A: As chair of the Senate Judiciary Committee, I included significant upgrades for border security in the Senate’s budget bill that address the disastrous open border policies of the Biden-Harris administration. During the previous administration, more than 10 million illegal immigrants from countries around the world poured across our nation’s southern border, including violent criminals and potential terrorists. The Department of Justice Office of the Inspector General earlier this month confirmed the Biden-Harris administration failed to properly vet all Afghan evacuees, encountering at least 55 individuals with hits on the terrorist screening database. Last fall, the FBI arrested an Afghan national for plotting a terror attack on U.S. soil after gaining entry on a Special Immigrant Visa (SIV). Following Operation Midnight Hammer on June 22 that struck three of Iran’s nuclear sites, tensions between Iran and the United States underscore the real and present danger of an open border policy. Just consider, of more than 1,500 Iranian nationals who were encountered at the southern border crossing illegally into the U.S. during the previous administration, nearly half were released into the country. The potential for Iranian sleeper cells on the ground here in the United States is a reckless consequence of the Biden-Harris open border policies. The Trump administration is coordinating among federal agencies to address this risk.
As the Senate hammered out the details for the One Big Beautiful Bill Act, I led historic investments in the nation’s immigration system to support law enforcement and give frontline immigration enforcement officials the tools they need to secure the border. Specifically, the legislation would boost funding for immigration agencies; reimburse states who pitched in to protect the U.S. border during the Biden-Harris administration; expand resources for law enforcement officers who put their lives on the line to protect public safety; and bring fiscal accountability into the immigration system by raising fees to offset enforcement costs.
Q: How did open border policies impact the safety of law enforcement personnel?
A: Plain and simple, the foolish border policies under the Biden White House unleashed an unmanageable mess at the southern border.
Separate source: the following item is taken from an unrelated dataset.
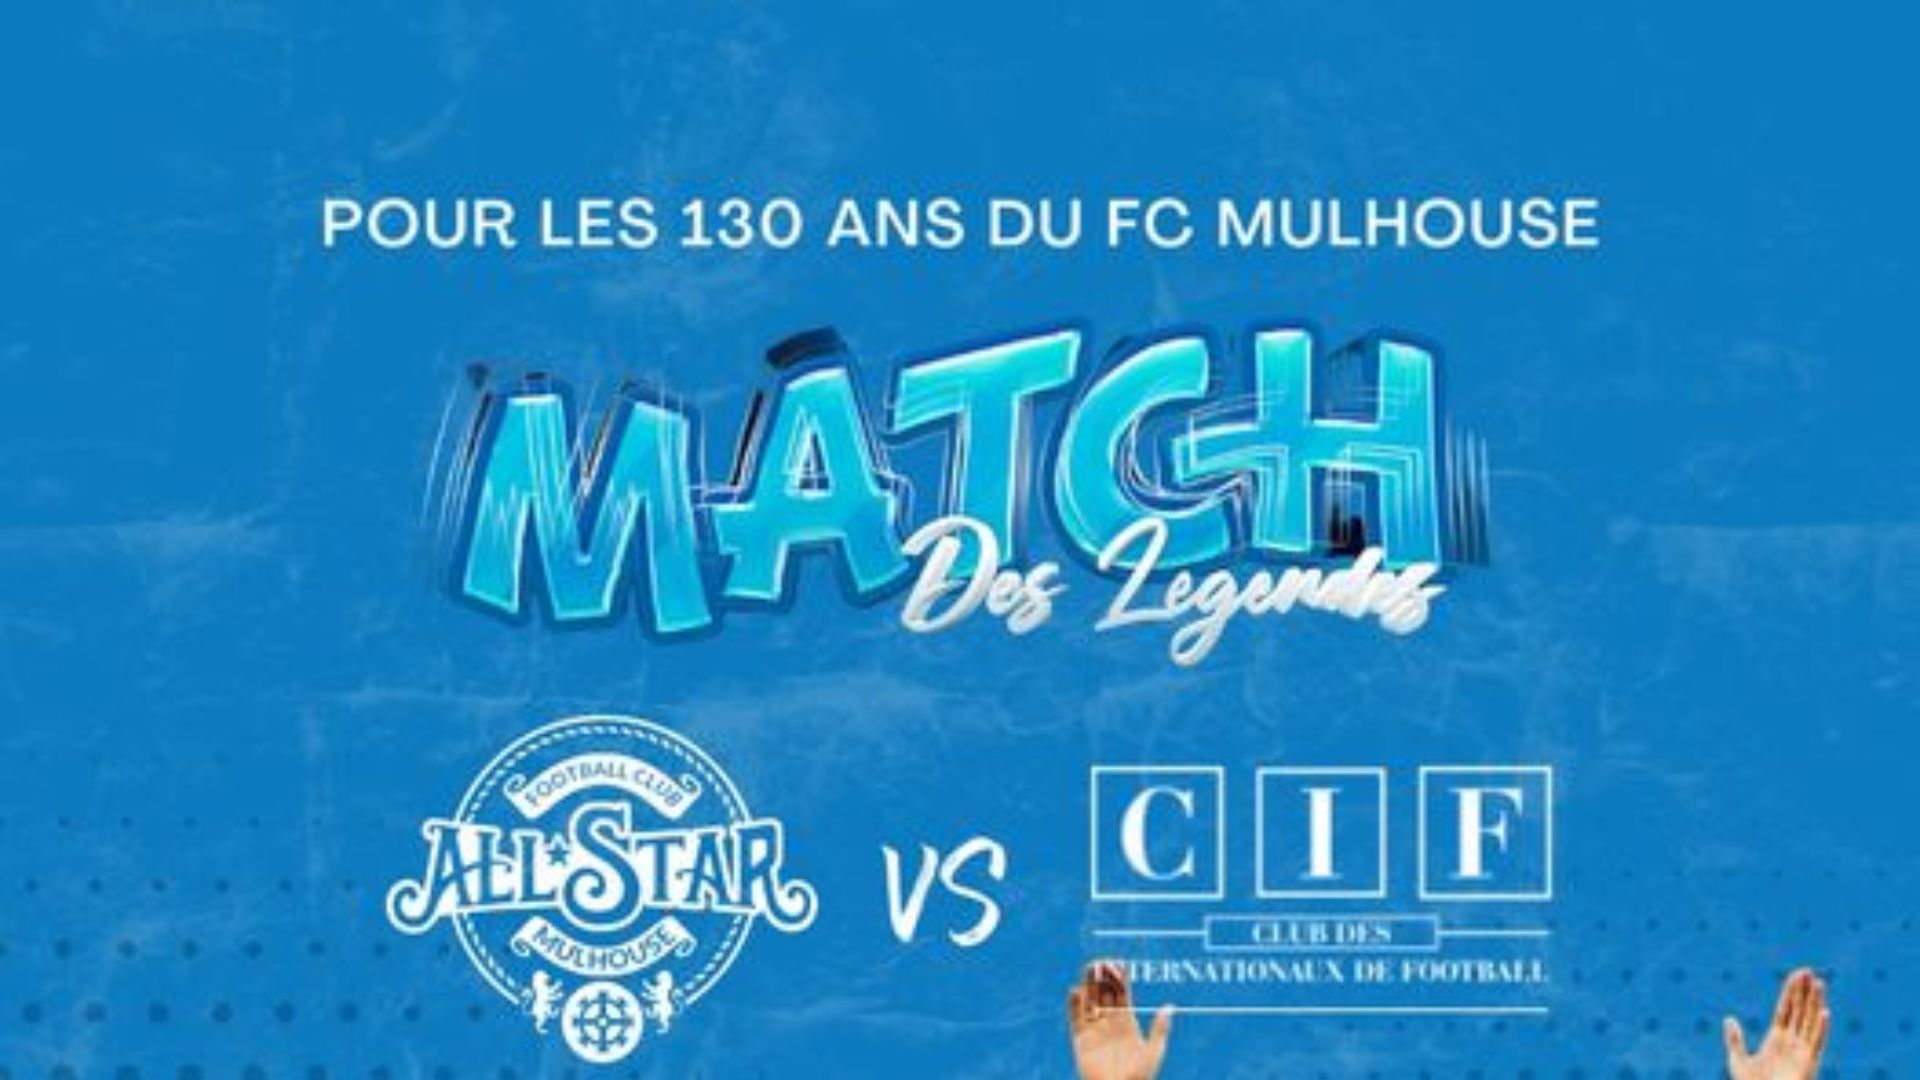 Match des légendes au FC Mulhouse

The border crisis overwhelmed law enforcement and immigration officials and empowered dangerous Mexican drug cartels to ramp up their human smuggling and drug trafficking networks. In June, I convened a Senate Judiciary Committee hearing to shed light on law enforcement’s ongoing work to combat cartels and regain a foothold at the border to protect American lives and restore U.S. sovereignty. Officials from the Drug Enforcement Administration, Federal Bureau of Investigation, and Homeland Security Investigations testified about their experiences enforcing the law and investigating crimes at the border, including being surveilled and targeted by the drug cartels. Our bill includes more resources for the Department of Justice to combat the flow of deadly drugs like fentanyl that have devastated too many families.
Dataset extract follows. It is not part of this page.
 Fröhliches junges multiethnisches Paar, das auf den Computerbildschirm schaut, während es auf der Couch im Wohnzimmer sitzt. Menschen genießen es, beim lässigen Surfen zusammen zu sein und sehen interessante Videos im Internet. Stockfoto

As a strong supporter of the men and women who serve on the thin blue line, I pushed to boost funding for the Byrne JAG and Community Policing Services (COPS) to support boots-on-the-ground efforts to combat violent crime in local communities. My oversight work has exposed critical gaps in the Bureau of Prisons. After hearing from law enforcement, I worked to boost funding to address staff shortages and capital improvements to upgrade deteriorating detention facilities. The bill also beefs up recruitment and training tools for the U.S. Secret Service in the wake of two assassination attempts against President Trump. The Senate bill responds to the mandate of the last election. The electorate voted for the America First agenda, and that includes reclaiming our sovereignty and rule of law at our borders to keep Americans safe.